It all seems so easy.

Companies are recognizing that the accuracy of artificial intelligence and machine learning applications is directly related to the quality of the data used to train the models. Obviously, you want to improve the quality of your company’s decisions, so it makes sense to improve the quality of the data that informs those decisions. Cue Data Quality.

Great! 

Even better, everybody knows how to do that: select a data set, examine its contents, and identify any errors and inconsistencies. Myriad tools can run the profiles and report the results. It’s even a great summer intern project.

And companies that have not yet crossed the Data Chasm have already set themselves up for failure.

And nobody has even been asked to fix anything yet.

This small, simple process makes a very large, nontrivial assumption: that we know the expected content of the data.

A simple query can tell you that a data element is populated most of the time and contains the letters ‘A’ through ‘J’ distributed roughly evenly. But that simple query cannot tell you whether those are the values that the data element is supposed to contain. It cannot tell you whether that’s the expected distribution. And it cannot tell you whether the data element must always be populated. Without those details, your Data Quality efforts will be fruitless.

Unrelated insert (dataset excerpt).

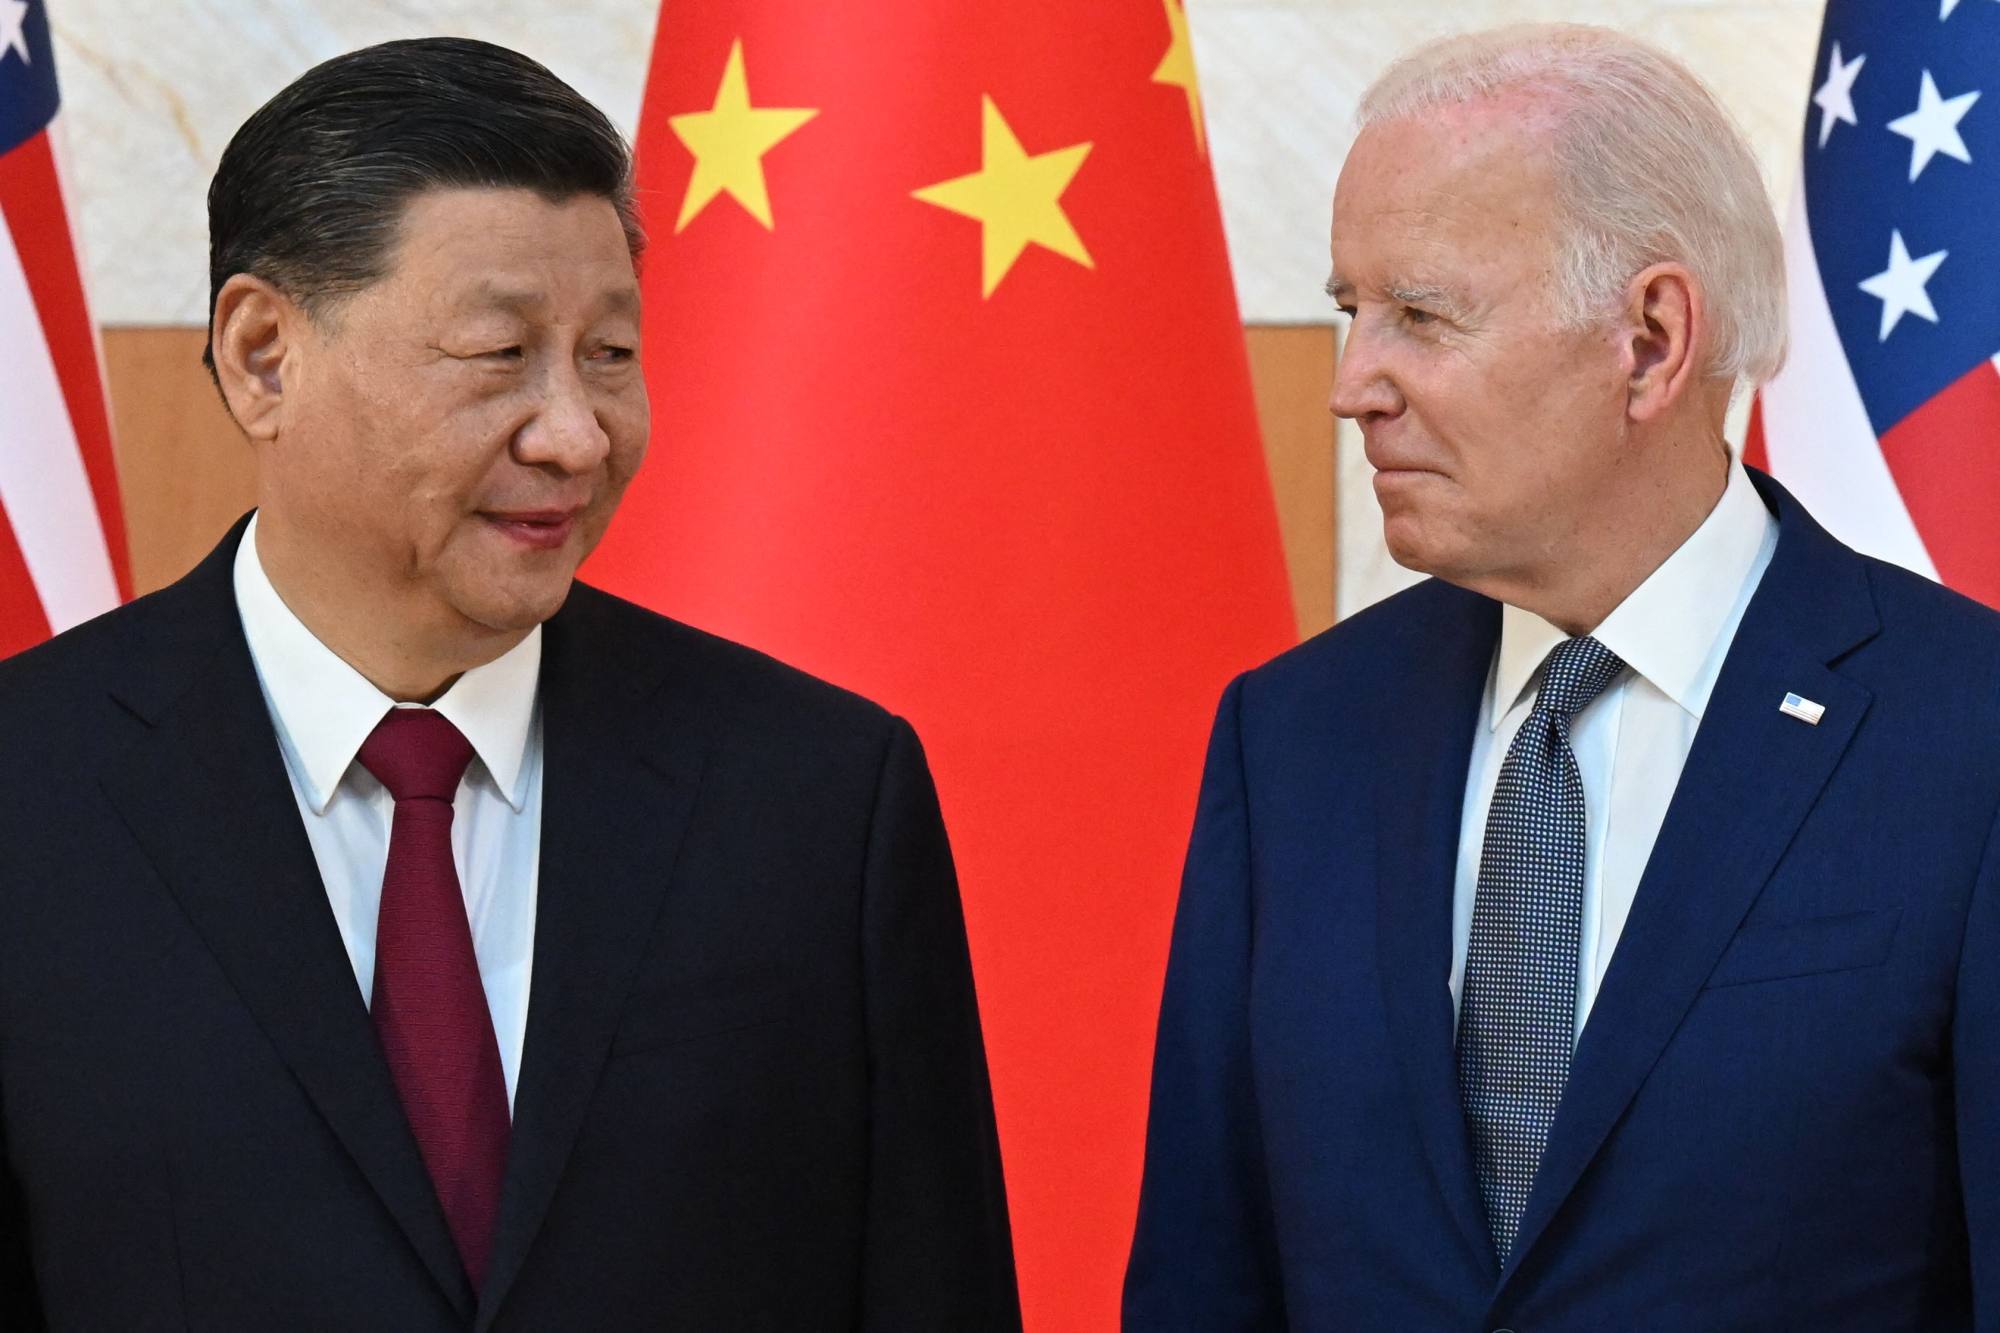 Chinese President Xi Jinping and US President Joe Biden, shown during a G20 session on November 14, 2022, spoke last week but apparently failed to resolve any major issues. Photo: AFP

Knowing the expected content of a data element is at least as important as knowing its definition.

This statement might be a little bit unexpected. Many would assert that the expected content is part of the definition, but I consider it to be sufficiently critical that it deserves special attention. Specifying the expected content requires a level of precision that is too easily glossed over in a descriptive definition. It is that precision which is required to evaluate Data Quality. (As an extra added bonus, it is that precision which also better informs application development and test suites, and ultimately results in fewer errors.)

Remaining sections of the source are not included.